What is being asked:
Write out the data exactly, please, and omit the pictures.

Dataset excerpt:

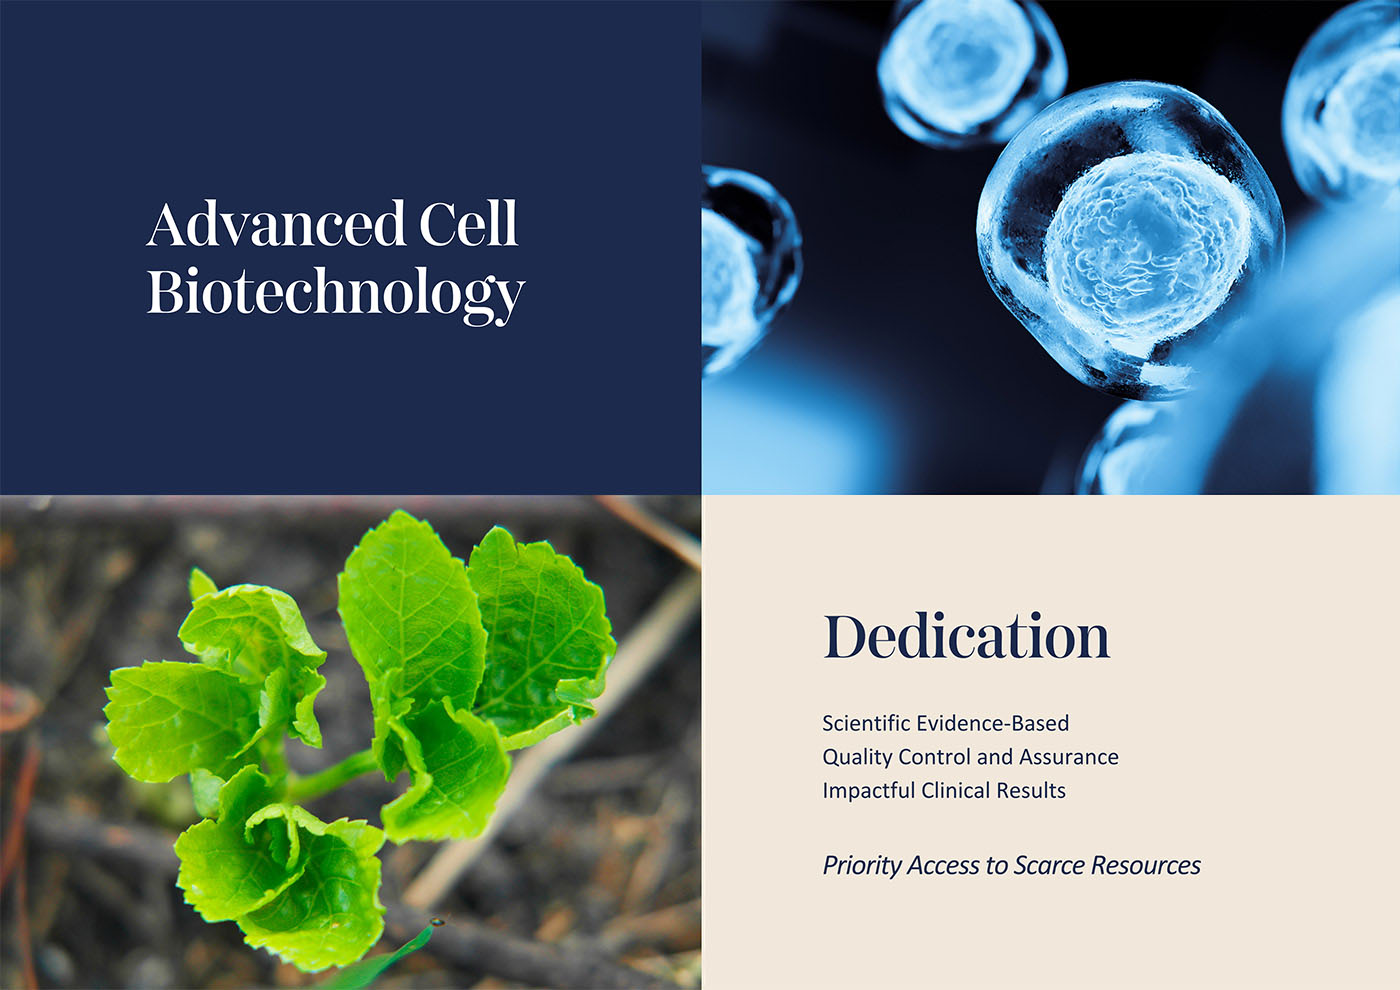 Advanced Cell Biotechnology, Dedication, Scientific Evidence-Based, Quality Control and Assurance, Impactful Clinical Results, Priority Access to Scarce Resources
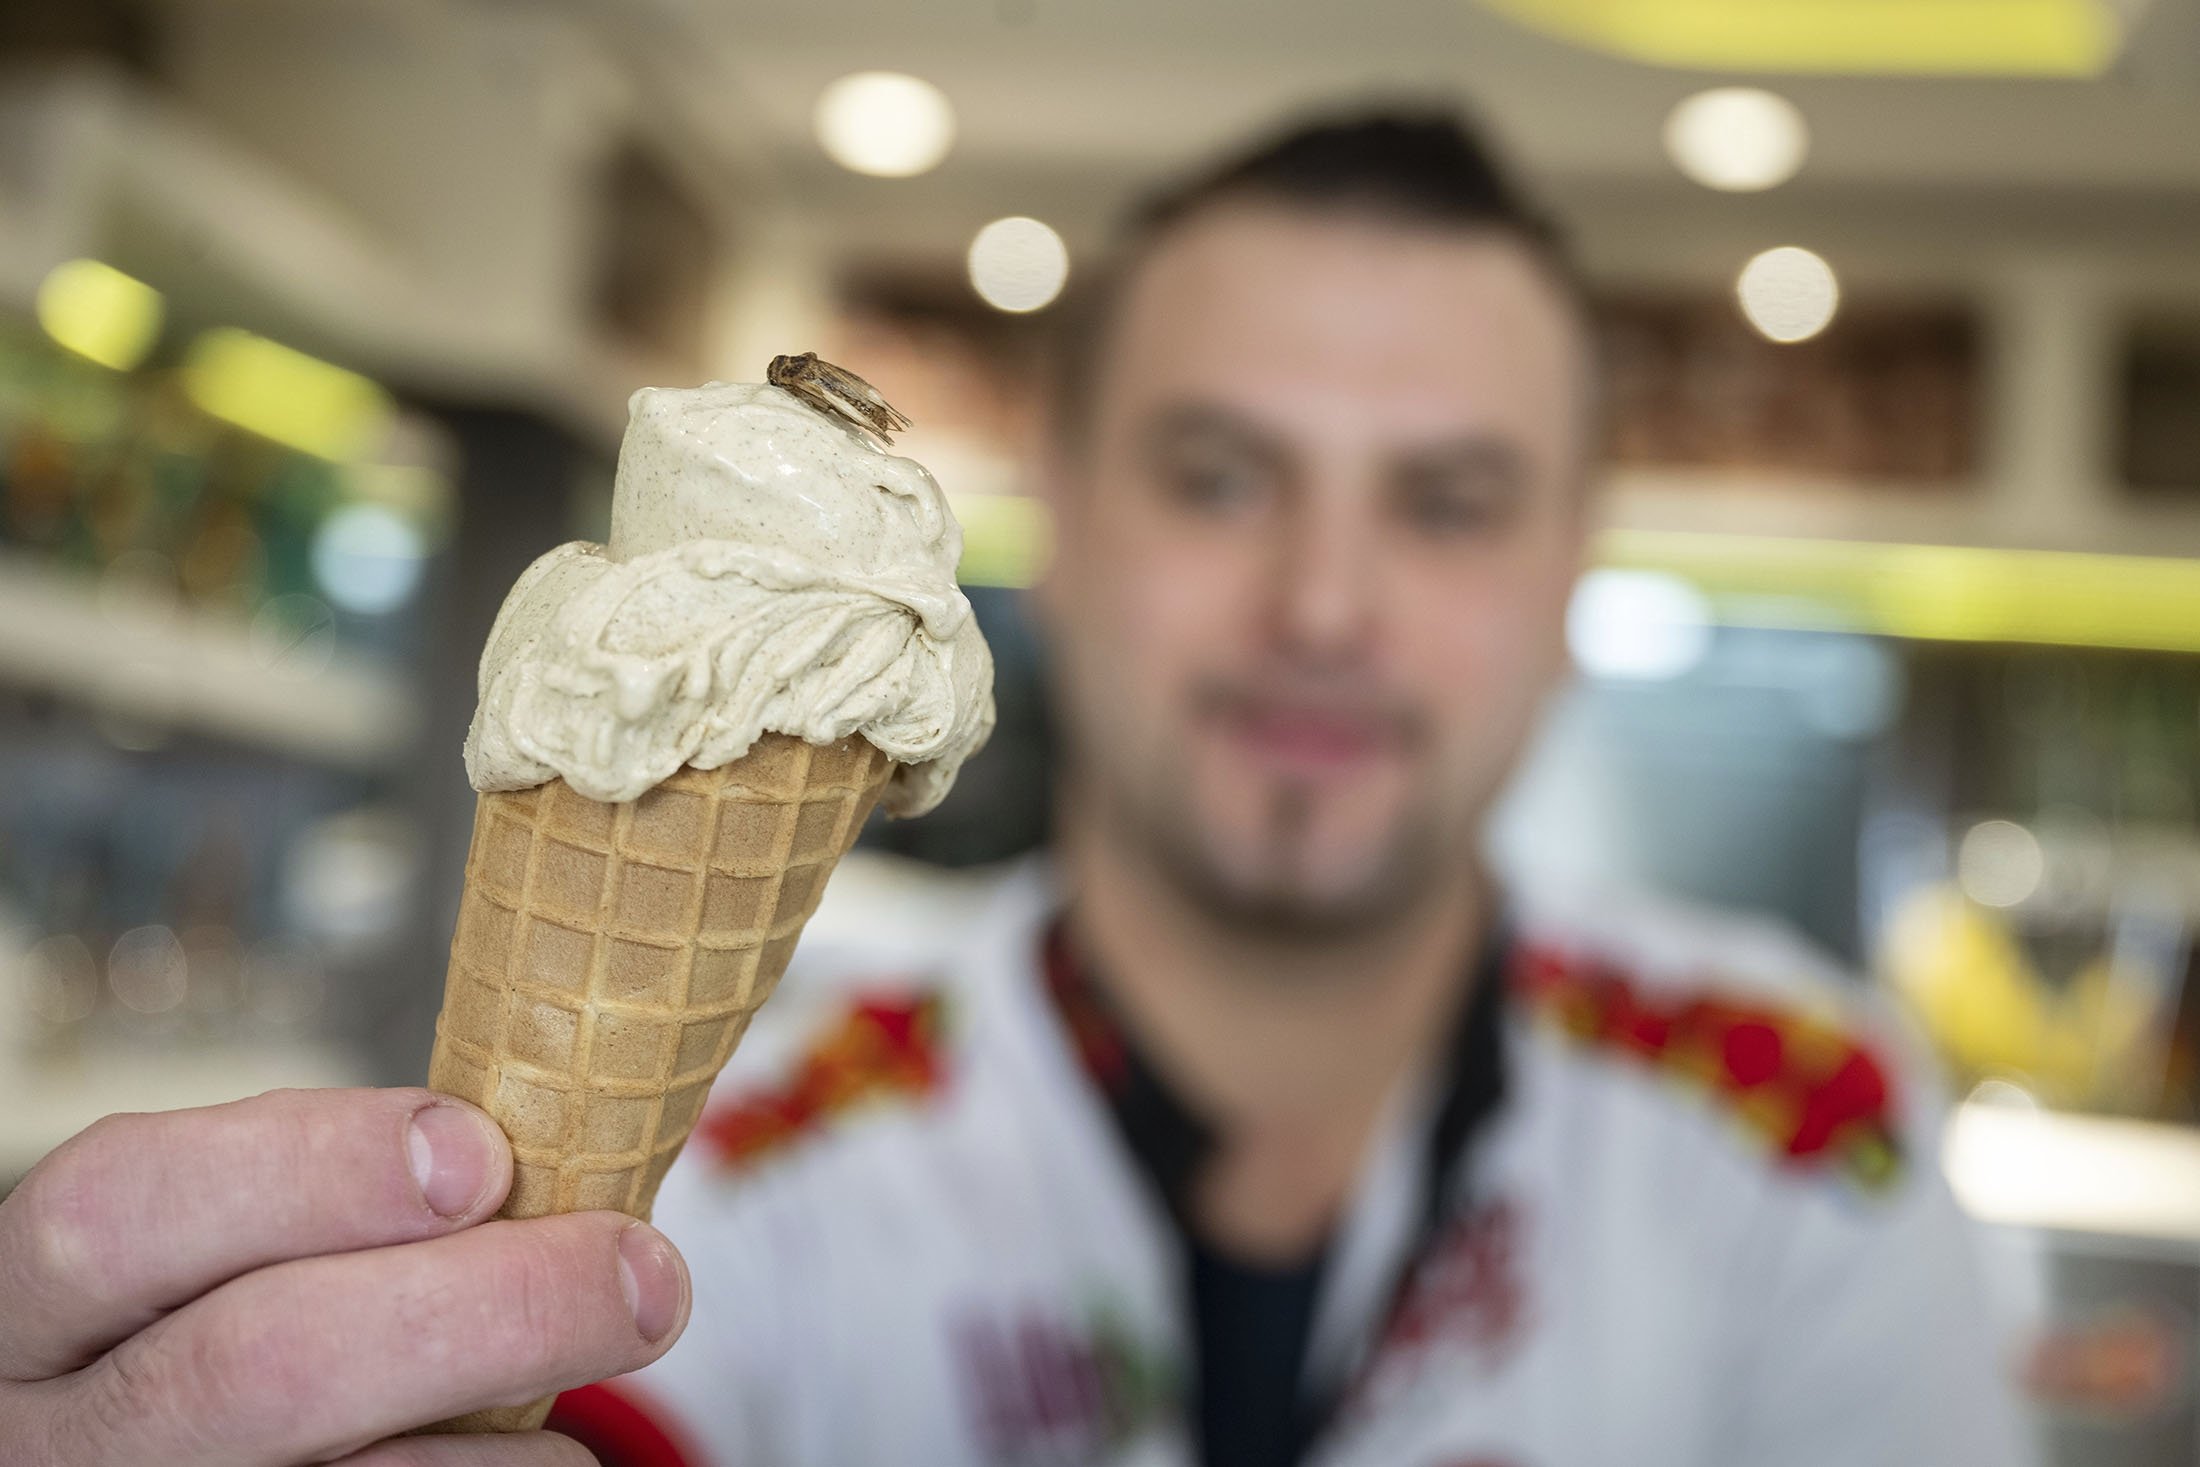 Thomas Micolino, owner of Eiscafe Rino, holds an ice cream cone in Rottenburg am Neckar, Germany, March 1, 2023. (AP Photo)
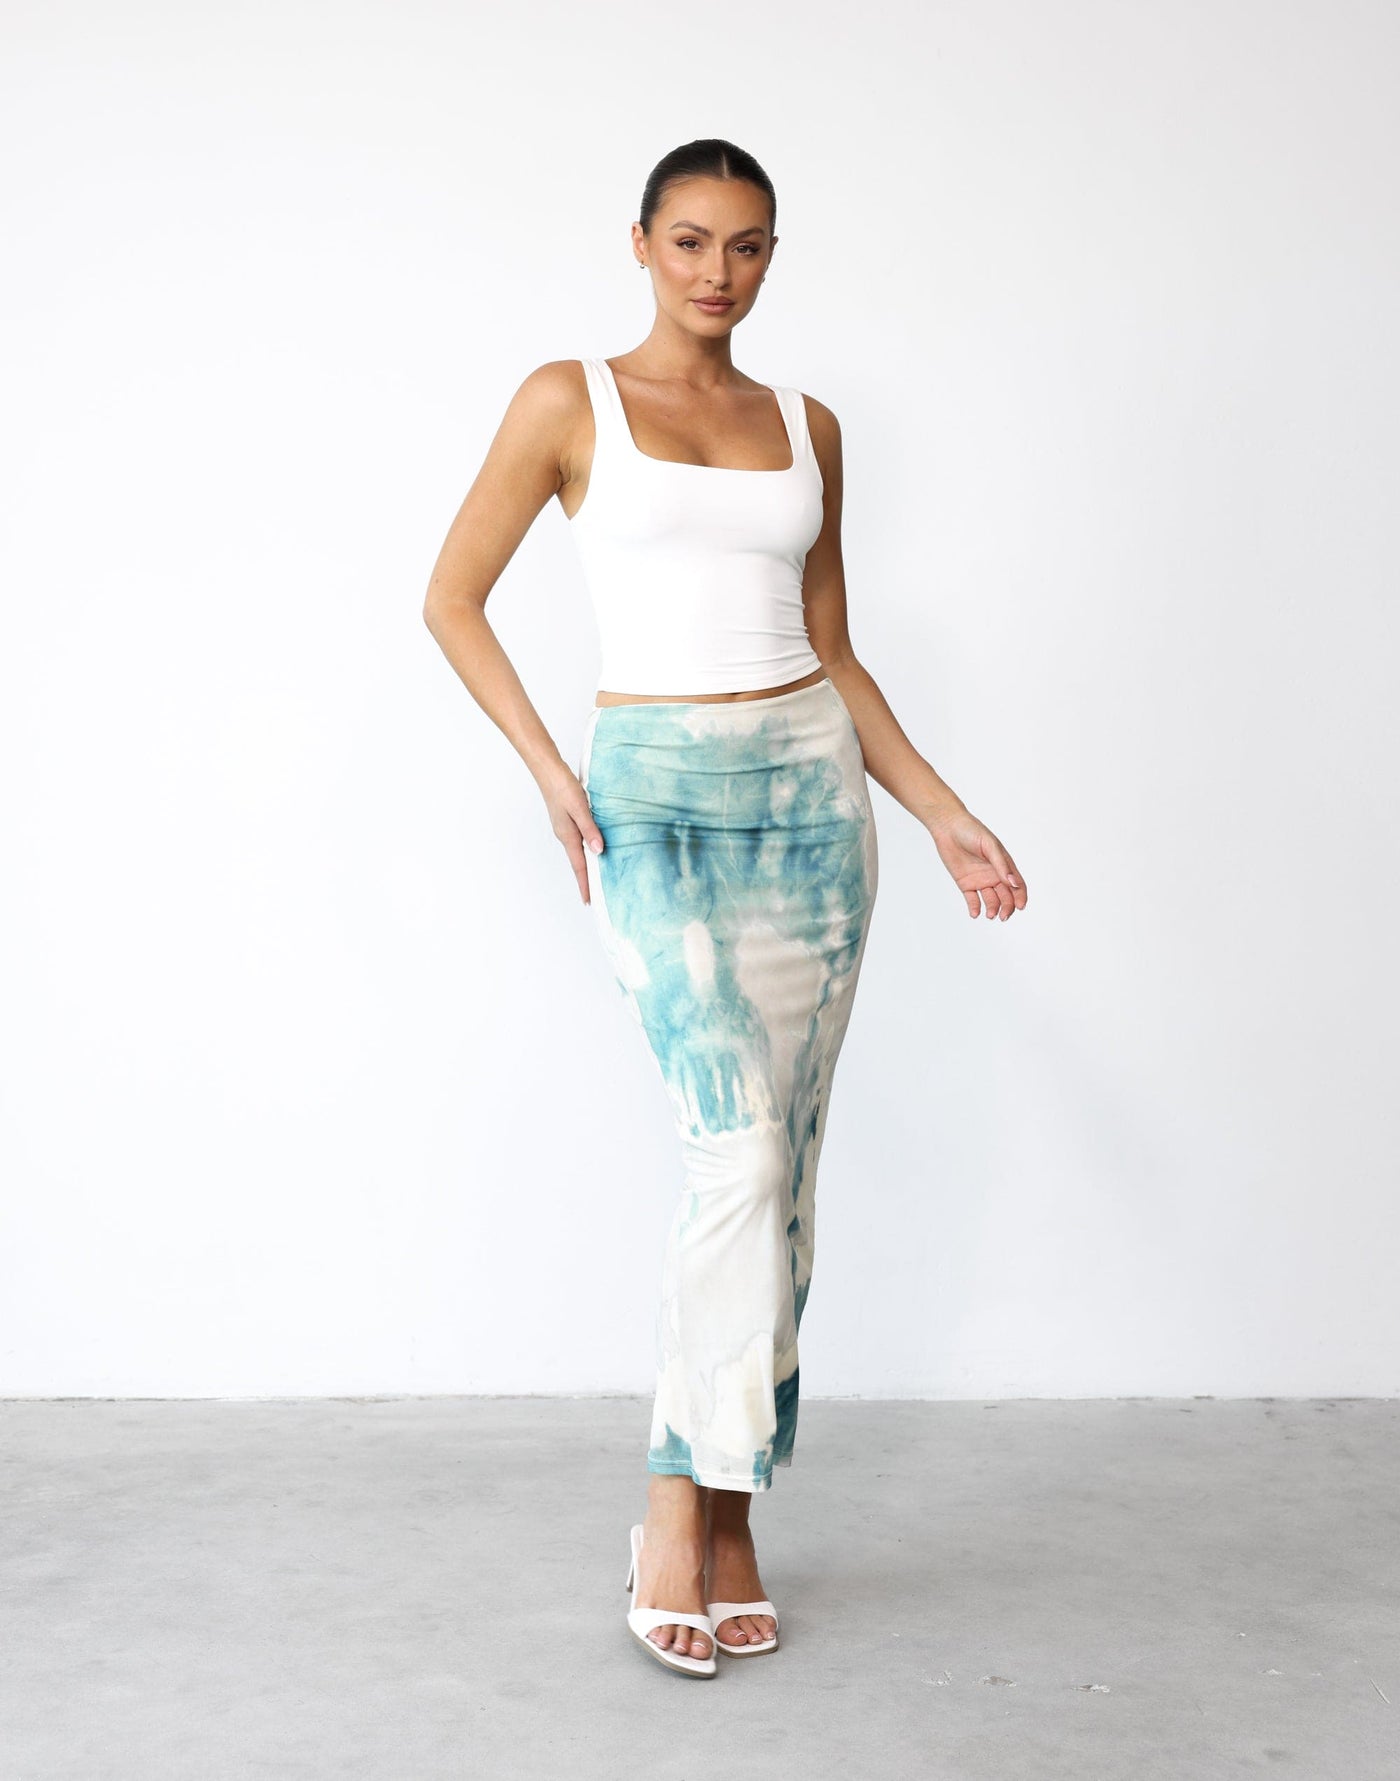 Tammy Maxi Skirt (Blue Marble) | Charcoal Clothing Exclusive - Printed Mesh Overlay Bodycon Skirt - Women's Skirt - Charcoal Clothing

Task response:
 Advanced Cell Biotechnology, Dedication, Scientific Evidence-Based, Quality Control and Assurance, Impactful Clinical Results, Priority Access to Scarce Resources
 Thomas Micolino, owner of Eiscafe Rino, holds an ice cream cone in Rottenburg am Neckar, Germany, March 1, 2023. (AP Photo)
 Tammy Maxi Skirt (Blue Marble) | Charcoal Clothing Exclusive - Printed Mesh Overlay Bodycon Skirt - Women's Skirt - Charcoal Clothing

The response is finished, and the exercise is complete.